__Given information__.
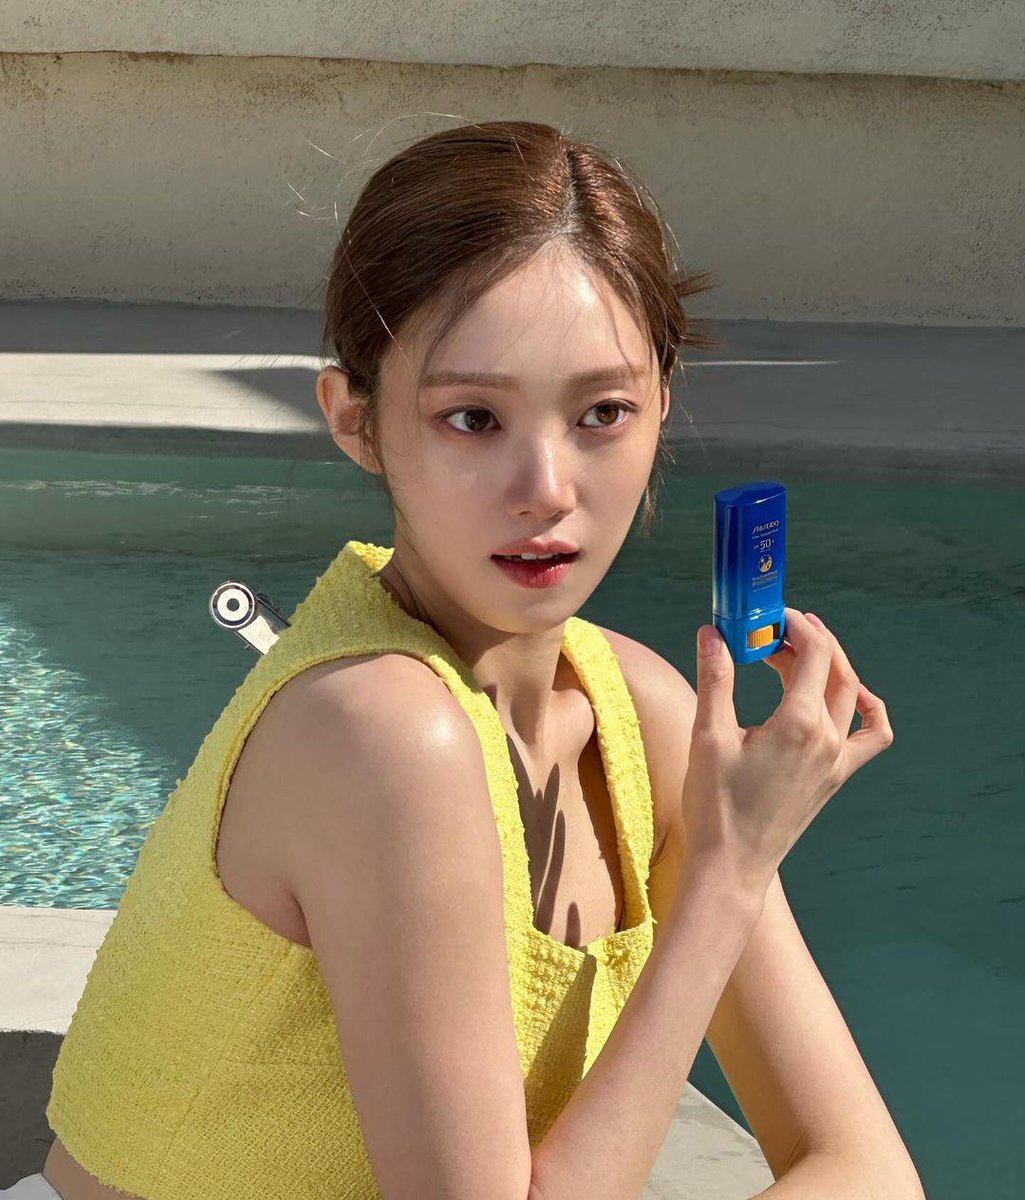 Lee Sung Kyung update on her IG 
Bts photos from Shiseido Campaign ✨ She's so Beautiful and cute same time! 
Love her so much! 

#LeeSungKyung #Shiseido #LeeSungKyoung #이성경

__Problem__. Wherever the word "Shiseido" appears in a line of the data, copy that line.

__Solution to this exercise__.
Bts photos from Shiseido Campaign ✨ She's so Beautiful and cute same time! 
#LeeSungKyung #Shiseido #LeeSungKyoung #이성경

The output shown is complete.